Is Yeshiva University Religious? And Other Questions About Freedom…
In recent months, American courts have continued to grapple with the size, scope, and even the definition of religious freedom. For Christians who believe that religious liberty for all is a public good, there’s good news and bad news.
09/14/22
John Stonestreet Maria Baer
Religious liberty is a human right. So why are American courts so confused?
In recent months, American courts have continued to grapple with the size, scope, and even the definition of religious freedom. For Christians who believe that religious liberty for all is a public good, there’s good news and bad news.
The good news includes the decision from the Fifth Circuit two weeks ago in the case of Franciscan Alliance, a group of Catholic hospitals and doctors that sued the federal government in 2016. Rules issued from the Biden Administration would have forced doctors within Franciscan Alliance to perform so-called “transition surgeries” on patients with gender dysphoria, as well as provide abortions for patients who requested them. Lawyers for the hospital system argued that these procedures are violations of the oath doctors take to “do no harm” to their patients, and therefore a violation of the doctors’ religious freedom. Thankfully, the Fifth Circuit respected Supreme Court precedent and ruled in favor of Franciscan Alliance.
The bad news includes a case out of New York, in which a trial court ruled that Yeshiva University, a Jewish school in New York City, must allow an LGBTQ club to establish on campus. The university argued the club’s mission openly violated the school’s religious beliefs about sexuality. In a particularly bizarre ruling, a judge sided with the LGBTQ club by reasoning that Yeshiva University is not a religious institution. “Yeshiva” is the Hebrew word for “a school that studies the Talmud,” or ancient rabbinic writings on Scripture. Still, the judge cited Yeshiva University’s charter, which refers to the school as an “educational institution,” as evidence that the school therefore cannot be religious.
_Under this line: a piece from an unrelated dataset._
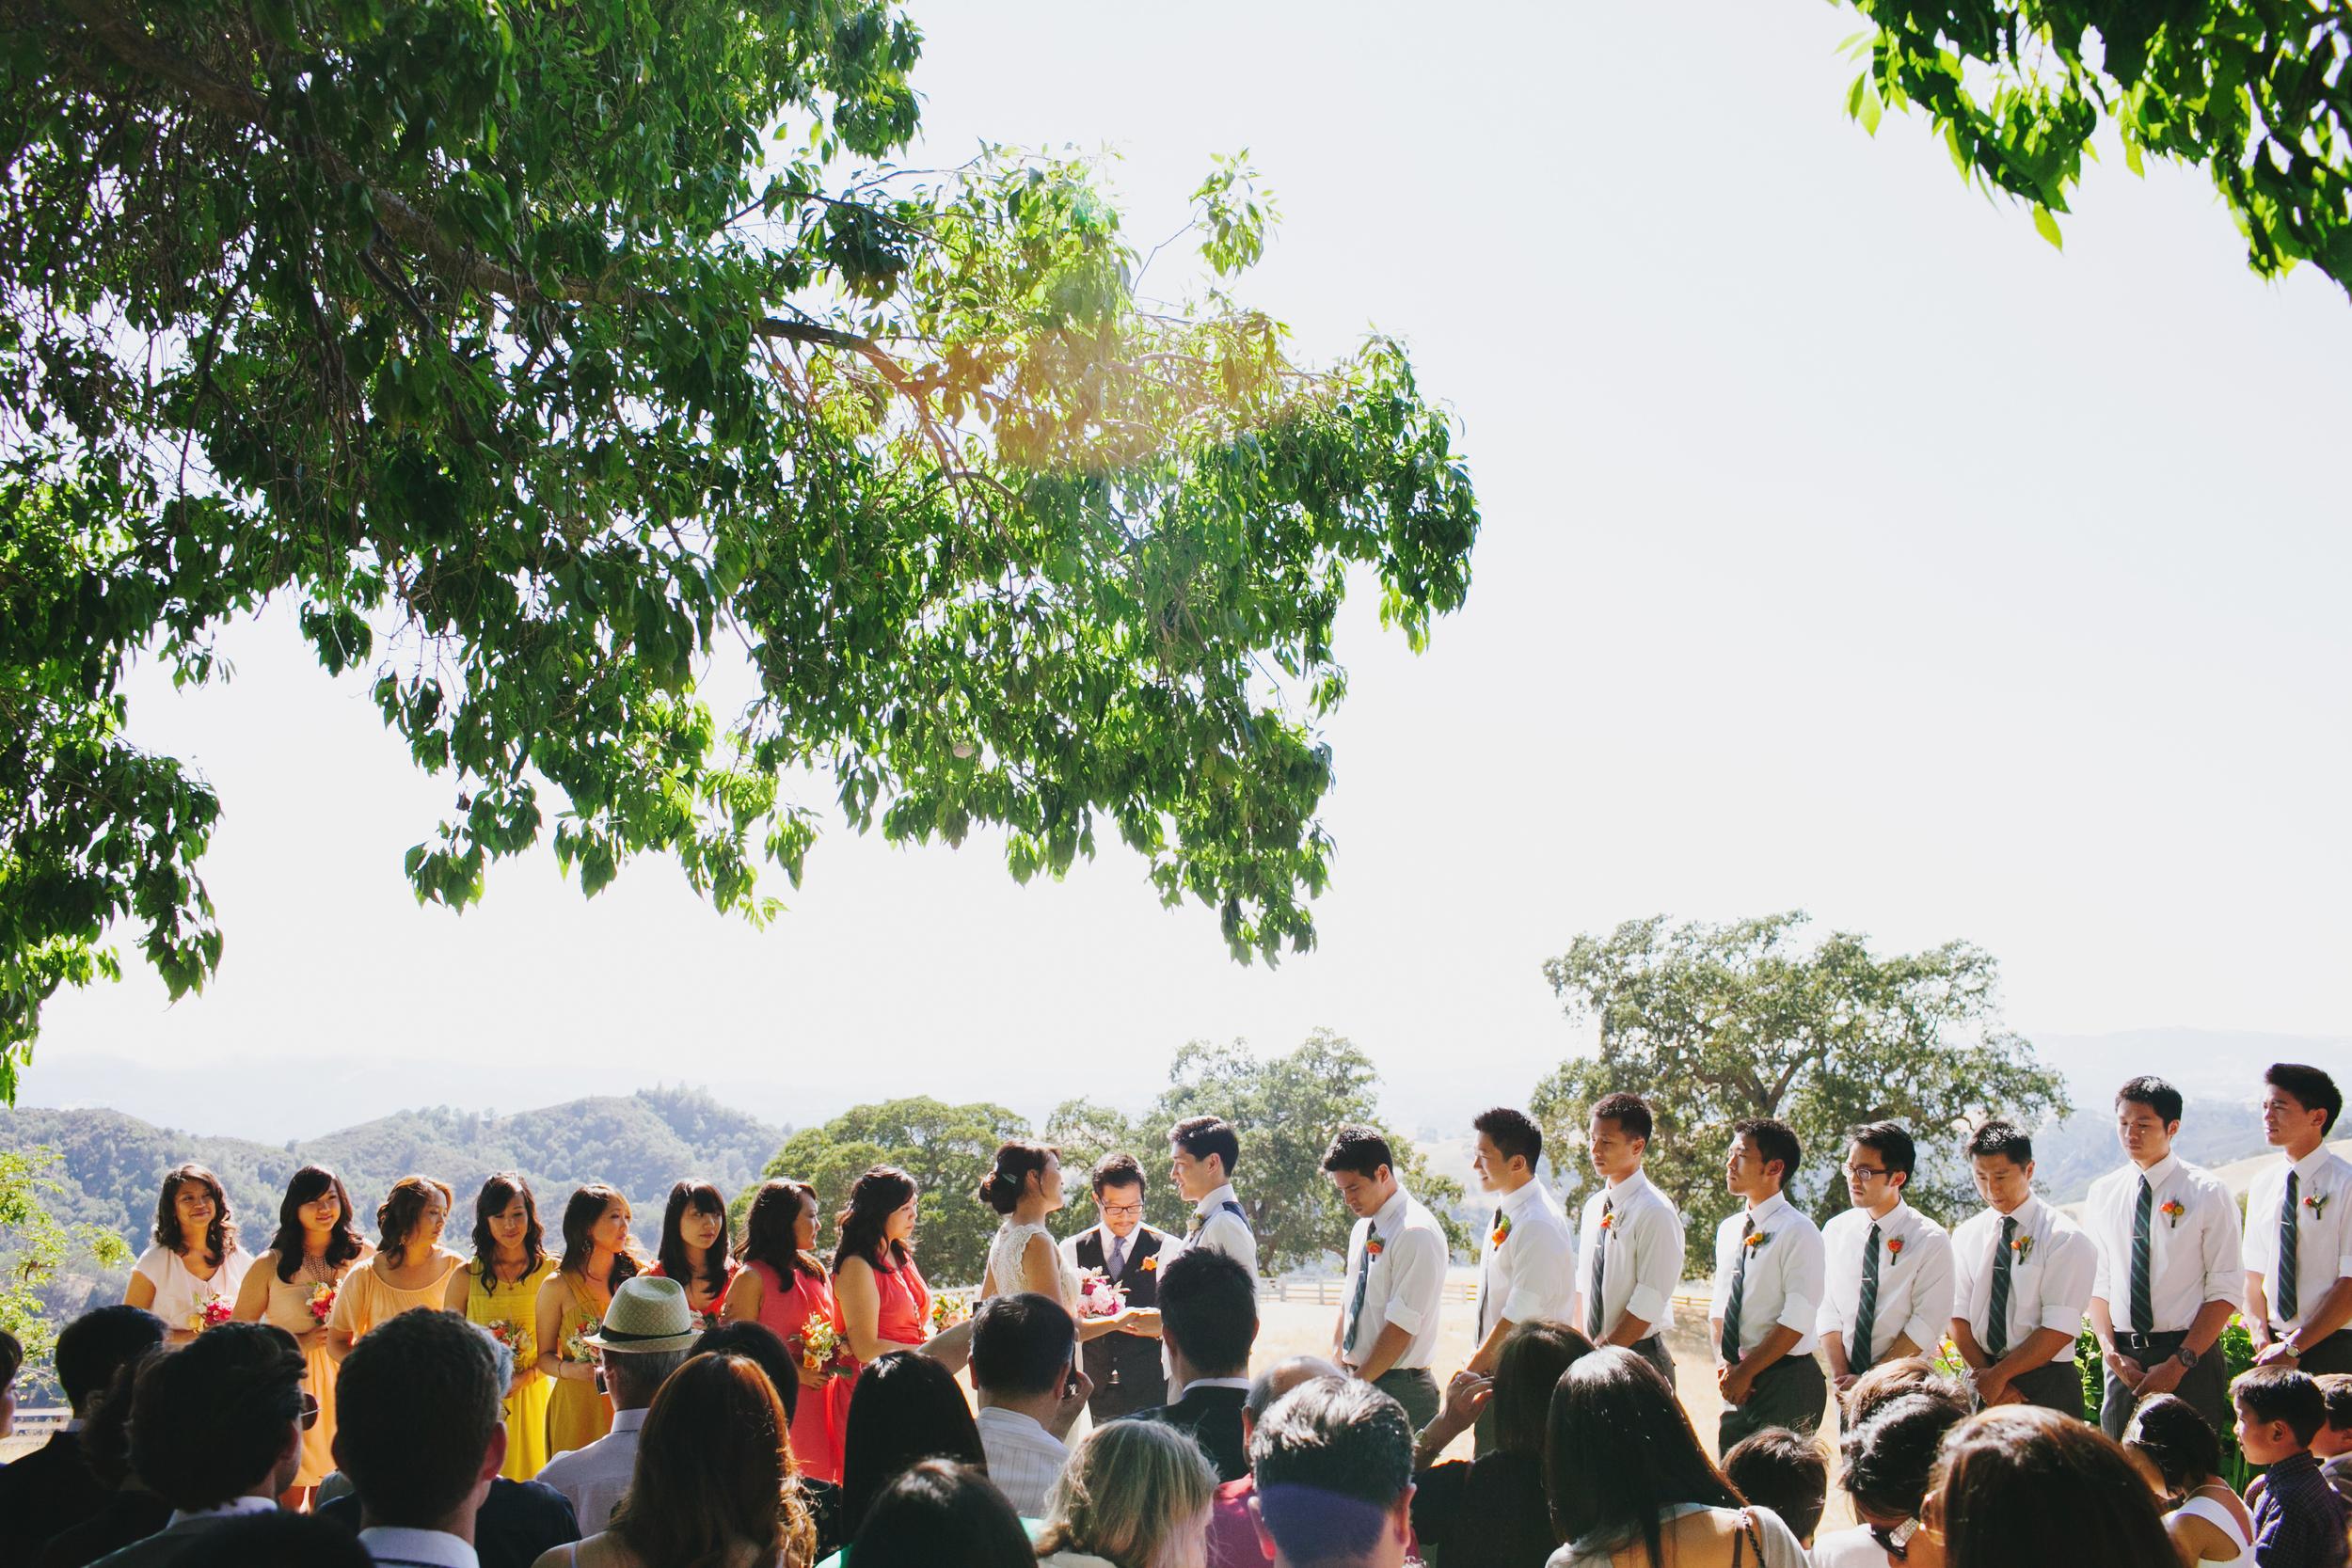 Diablo_Ranch_Wedding_Photography_Becky_Will-15.JPG

The question at the heart of each of these cases is the same: What does it mean to be religious?
Though it is good news for everyone, doctors and patients, that Franciscan Alliance will not be forced to mutilate bodies in the name of “transgender medicine,” the judge in this case ruled explicitly that the government could not violate these doctors’ religious beliefs. It is not good news that the reality that men and women are different is being denied, or that bodies are being mutilated and called “healthcare,” or that opposing being involved is reduced to a “religious belief.” In the same way, the idea that we should not take the life of a child in or out of a mother’s womb should be obvious, not reduced to merely “religious.”
In one sense, every law is religious in the sense that they are predicated on some view of the universe, human nature, and morality. They assume that certain things ought to be done and others ought not to be done. Everything we do, including where we work, what we value, and how we raise our kids, is built upon moral beliefs about the world, whether Christian or not. Even if we don’t always act consistently with those beliefs, religious liberty ensures the right to call upon these views inside and outside of Church, synagogue, mosque, or Twitter.
In our culture, however, certain views are designated “religious” and others are not. Therefore, the “religious” views are considered biased exceptions to be tolerated. In fact, progressive judges and administrations often deem policy positions they don’t like as “religious” as a way of suggesting they should not be taken seriously in the public square. In other words, taking innocent human life and mutilating healthy bodies are presented as the “obviously right” views, and opposing these horrors is dismissed as “religious.”
All of which says a lot about the moral status of our culture. Further, it misunderstands the meaning of “religious” and leads to obvious violations of religious liberty. Christian doctors within the Franciscan Alliance cannot leave their worldviews at the operating room door. Yeshiva University doesn’t stop being religious when it educates. In fact, it educates because it is religious.
The Supreme Court, at least currently, recognizes this reality, but some lower courts do not. Thus, the absurd ruling that claims Yeshiva University is not religious because it educates, or the one in Colorado which held that a Christian school chaplain wasn’t in a “religious position,” or the lower court ruling from a few years ago that attempted to force a group of Catholic nuns to pay for abortion and contraception.
In such a conflicted time, Christians must, more and more, live like Christians. We must compellingly demonstrate that the resurrected Christ we worship in one building one morning a week shapes how we live and act in any other building every other day of the week. And we continue to defend religious liberty as a public good for all people.
About this, the U.S. Constitution is clear. Hopefully, our nation’s courts will gain clarity too.